During the Civil War, she dismantled the roof of her hospital to avoid its use as a garrison by Free State forces. She sent its contents to a hospital in India. The buildings fell into the ruin that we see today. Although she no longer had her own hospital, she was active in reforming others, for example, the Killarney Mental Hospital, where she pioneered new policies such as not calling it a "lunatic asylum" and training nurses in the needs of the mentally ill.


She was active in building her new country, and maintained her political views. She was elected to the Kerry County Council before the War of Independence had even ended, but resigned near the end of the Civil War over the execution of republican prisoners, who she believed should have been considered prisoners of war. She maintained membership in the Cumann na mBan but resigned in 1933 along with many other original members because of its refocus on social issues rather than the “national question” of ending the partition of Ireland.

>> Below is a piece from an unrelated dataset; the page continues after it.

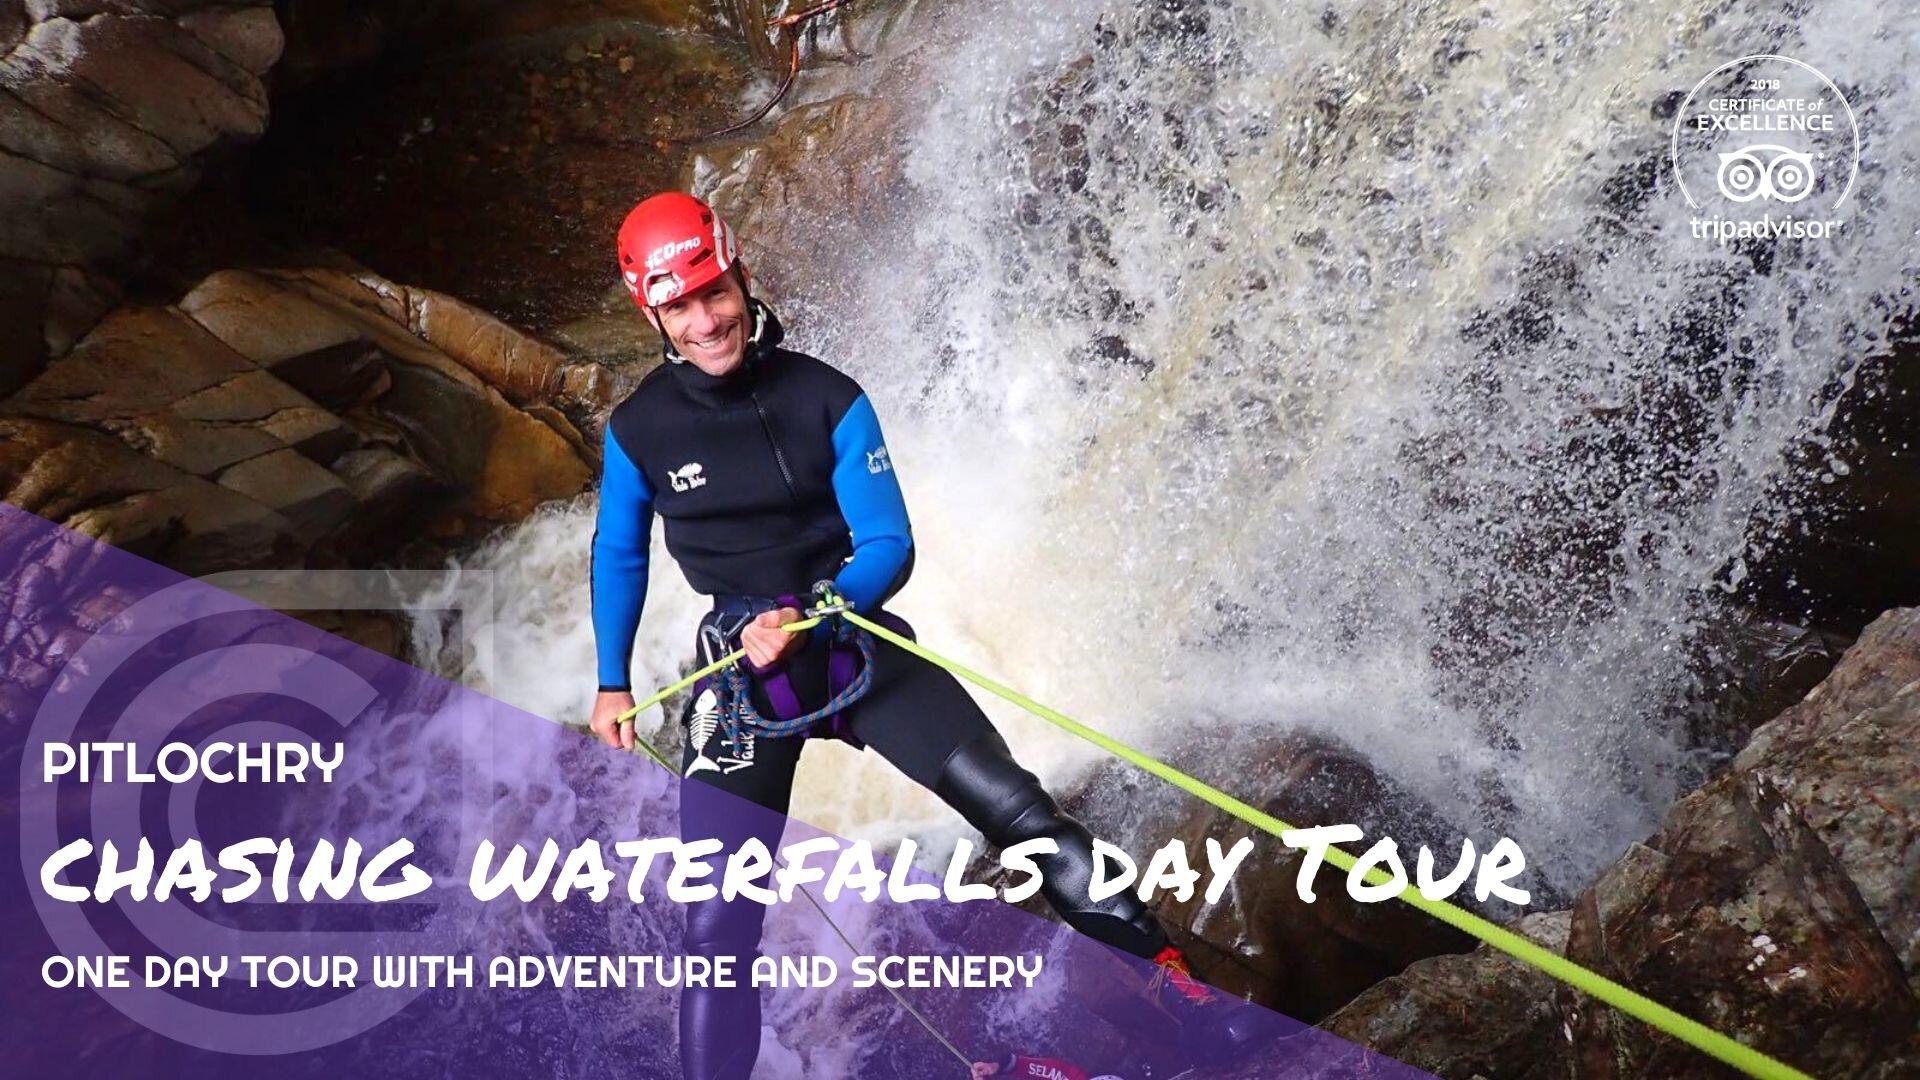 Chasing Waterfalls - Perthshire Day tour

She worked as a journalist, and was editor of the Sinn Féin newspaper, Saoirse between 1926 to 1937.  





She lived near Sneem until she died, in poverty. Locally she was legendary for her thrift, wearing shoes until they fell apart, selling eggs for tea, traveling on her bicycle. She died in 1954 at nearly 94 years of age, leaving her property to republicans "as they were in the years 1919 to 1921. Her will was eventually ruled invalid, but her intent was as clear and consistent as ever.


This photo is posted outside the Gobnait Ni Bhudair exhibit. The sign refers to Gobnait's sister's daughter who married an Austrian, had several children, and died young. The children needed a governess, and a musical was born.
I can find no further information about the photograph.


Who hasn't wished to give our final estate to those people who hold on to the pure ideals of our earliest conversion? Gobnait reminds me of women I have known, women who changed their name at mid-life to mark their rebirth; women who spent their daddy's money to atone for his abuse; the converted zealots who embarrasses everyone with impractical, unpopular, and culturally insensitive philanthropy. I wonder if I would have drunk tea at her table and dug her potatoes, or was she too impulsive and controlling to be anyone's close friend? Was she a dreamer? or an impudent person? She haunts me.


I wish I could have met her, instead of this mannequin at the museum. 
The factual info in this post is sourced from an exhibition at the Sneem Geopark Centre, created by its administrator, Julie O'Conner. I also used an article by Martin Mansergh published in the Sneem Parish News (not available online). If not from their work, then material was found via various easily searchable online sources.